Q260267: FrontPage Server Extensions Image Map Files Expose Vulnerability

Article: Q260267
Product(s): Word Front Page
Version(s): 
Operating System(s): 
Keyword(s): 
Last Modified: 13-MAY-2001

-------------------------------------------------------------------------------
The information in this article applies to:

- Microsoft FrontPage 98 for Windows 
- Microsoft FrontPage 97 for Windows 
-------------------------------------------------------------------------------

SYMPTOMS
========

The FrontPage 97 and 98 Server Extensions include two image map files,
Htimage.exe and Imagemap.exe, which are server-side NCSA and CERN compliant
components, that are used to support server-side image maps.

These files were originally provided to support image maps with Netscape and
Internet Explorer versions 1.0 and 2.0. However, both files contain unchecked
buffers that may be used to run arbitrary code. These files expose security
vulnerabilities, which can result in buffer overruns, exploits of cross-site
scripting, and access to drive path and file information.

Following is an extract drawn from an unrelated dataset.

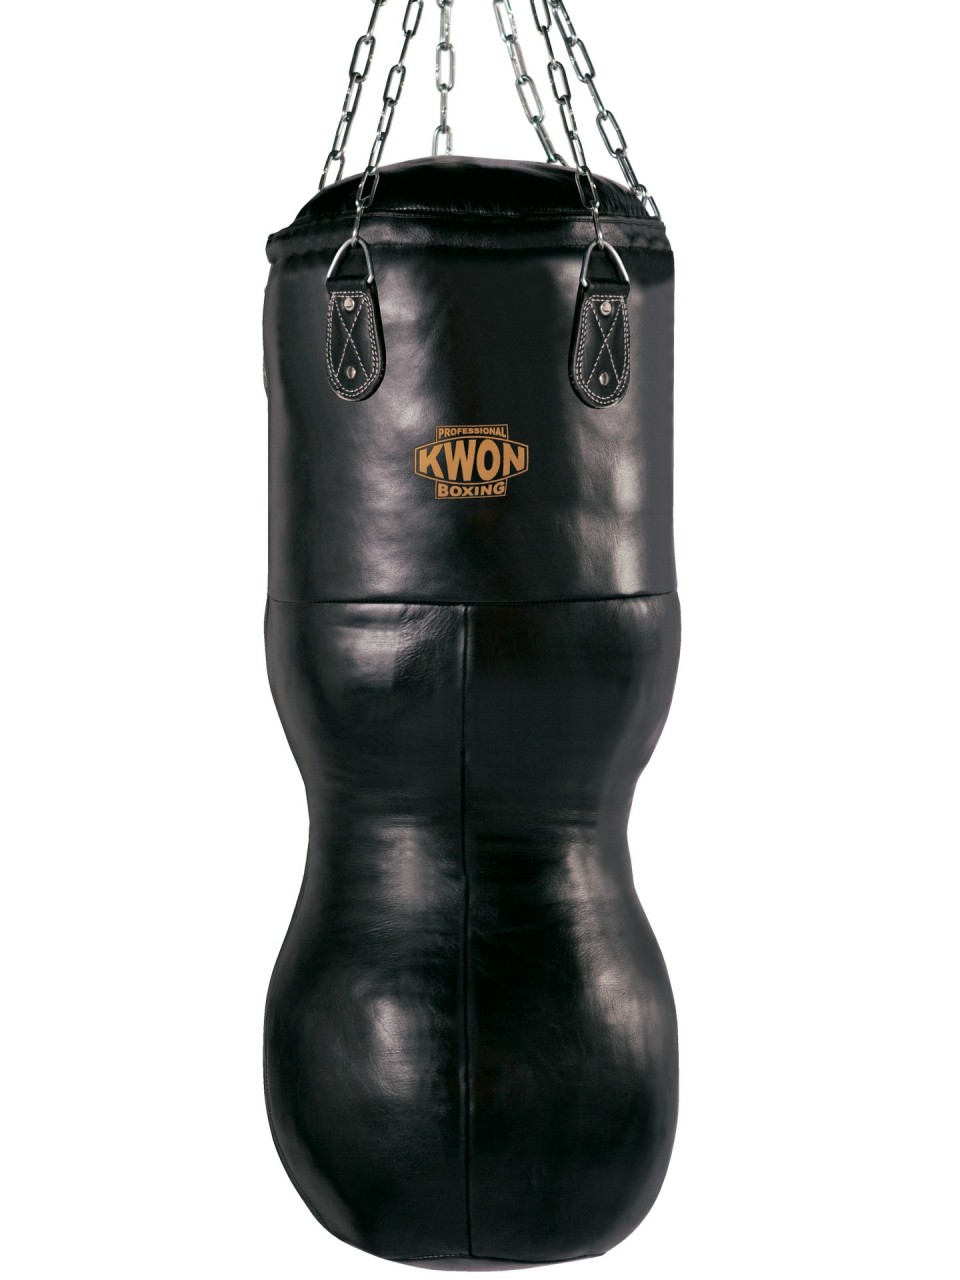 Sac de frappe - RXD Punch bag 180x35cm - 60kg

NOTE: This problem does not occur in the FrontPage 2000 Server Extensions.

RESOLUTION
==========

To eliminate this vulnerability, customers who are hosting Web sites using any
of the affected products need to delete all copies of the Htimage.exe and
Imagemap.exe files from their servers. The only functionality lost by deleting
these files is the ability to support image mapping for Web site visitors using
legacy browser products.

This is a short-term fix, because it is possible that FrontPage customers may
unknowingly publish the files to the server in their normal course of updating
their Webs.


STATUS
======

Microsoft has confirmed this to be a problem in Microsoft FrontPage 97 and 98
for Windows.

MORE INFORMATION
================

The risk posed by this vulnerability is significantly restricted by the fact
that the affected components run "out of process" and in the security context of
the user. Therefore, there is no capability through this vulnerability that
causes either the Web service or the server itself to stop responding, nor is
there an opportunity to run code in an elevated security context. However, it
may still be possible for a malicious user to perform actions that, although
permitted, he or she would otherwise be unable to take because the functionality
is not exposed through a Web page or script.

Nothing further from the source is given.